# Cedar root?



## SYcichlid (Jul 14, 2005)

I was wondering if I could put part of a cedar root in my S/A tank? It still smells like it is fresh but has been sitting around my house for a 1 1/2 yrs.. Not sure if it will leach any unwanted chems into the tank.


----------



## alicem (Jul 26, 2007)

I wouldn't use cedar. 
Something I've read in the past...can't remember the whole story, but I just wouldn't.


----------



## prov356 (Sep 20, 2006)

I think you're right on alicem :thumb:

Found this: "Most wood you choose will be safe once it's weathered, but I'd avoid "turpentiney" conifers, such as pine, fir, juniper, *cedar*, etc. Those sharp-smelling resins may turn out to be low-grade toxins." at this site


----------



## bedouin (Jul 27, 2008)

Odd. I purchased some driftwood from the LFS and had to saw a root off of it because it was a little to big. It looked and smelled like cedar on the inside. Do you think that I could have been sold cedar, or is there another wood that smells like cedar? Do they even sell cedar in the aquarium trade?


----------



## alicem (Jul 26, 2007)

Maybe it was meant for reptile cage use. 
Were there any tags on it?


----------



## bedouin (Jul 27, 2008)

alicem said:


> Maybe it was meant for reptile cage use.
> Were there any tags on it?


No tags. But it was from a fish-only store. Maybe I should give them a call. :?


----------



## mccluggen (Jul 5, 2008)

For wood like cedar it needs to have been seasoning in water or otherwise exposed to the weather (rain and humidity) so that it could leach out all of the possible toxins. If it has a cedar odor it still has some of those dangerous volatile oils in it. I would definitely (at minimum) boil it several times before using it.

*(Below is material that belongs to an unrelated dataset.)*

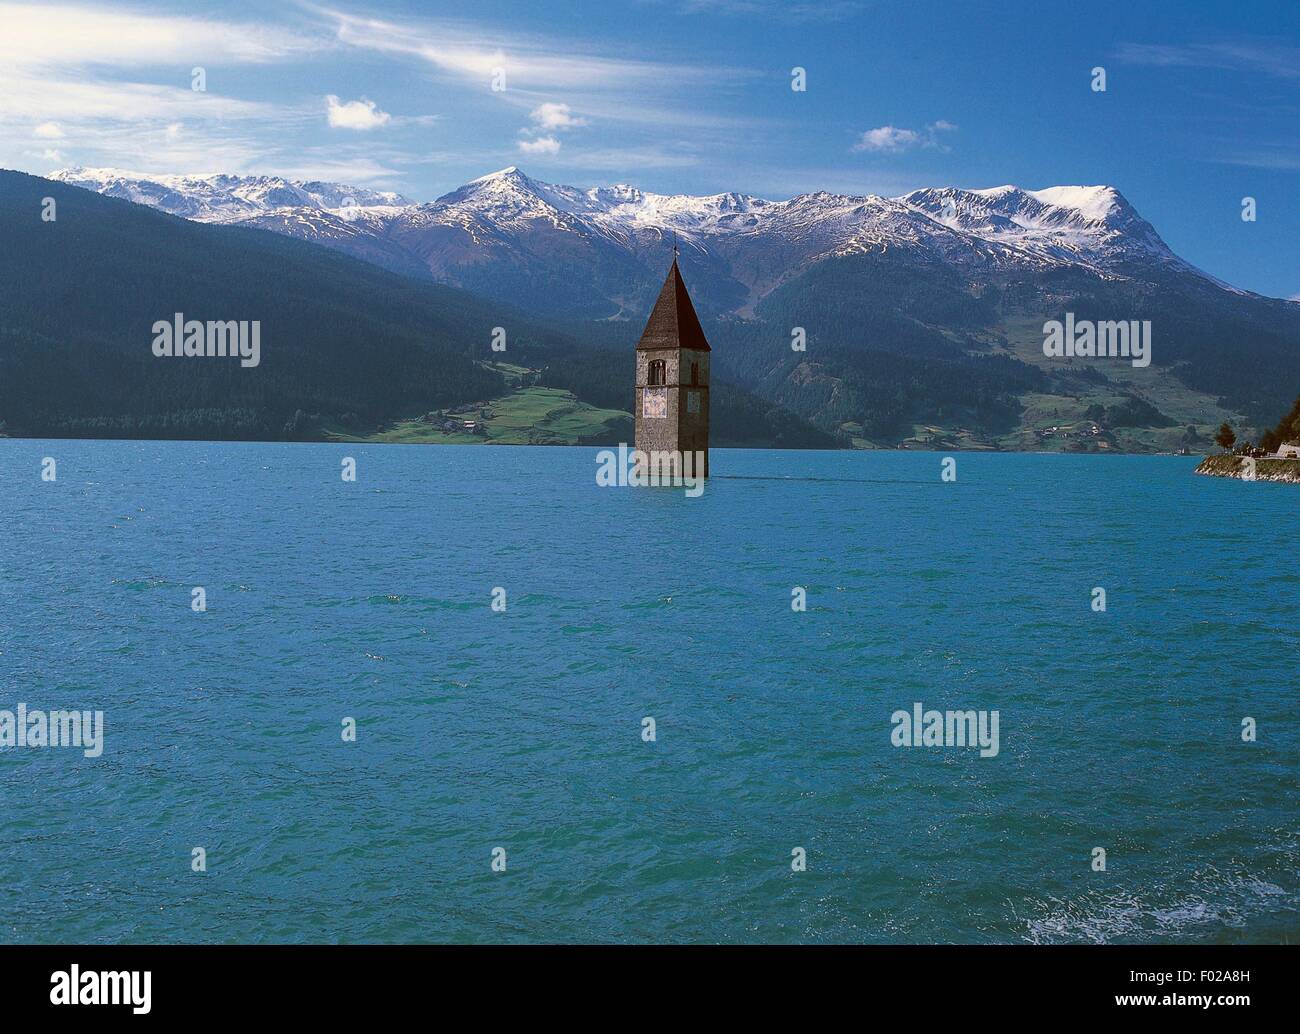 The old bell tower (14th century) of Curon Venosta church rising out of the waters of the artificial lake of Resia, Trentino-Alto Adige, Italy. Stock Photo

When your are done it should smell vaguely like dirt / earthy with no detectable scent of cedar or other "piney" scents. If you can smell it (with a human being's relatively weak nose) then the amount of "bad stuff" is probably still at a dangerous level.

I could not find an aquarium specific article about the possible dangers of cedar, but here is a link that might prove useful from a herp website:

http://www.anapsid.org/cedar.html

I also found some links for general woodworking that cautioned people from using cedar wood for turned goblets or other utensils intended for use by humans, and another website that mentioned that using cedar to cook or smoke meat will "make you sick".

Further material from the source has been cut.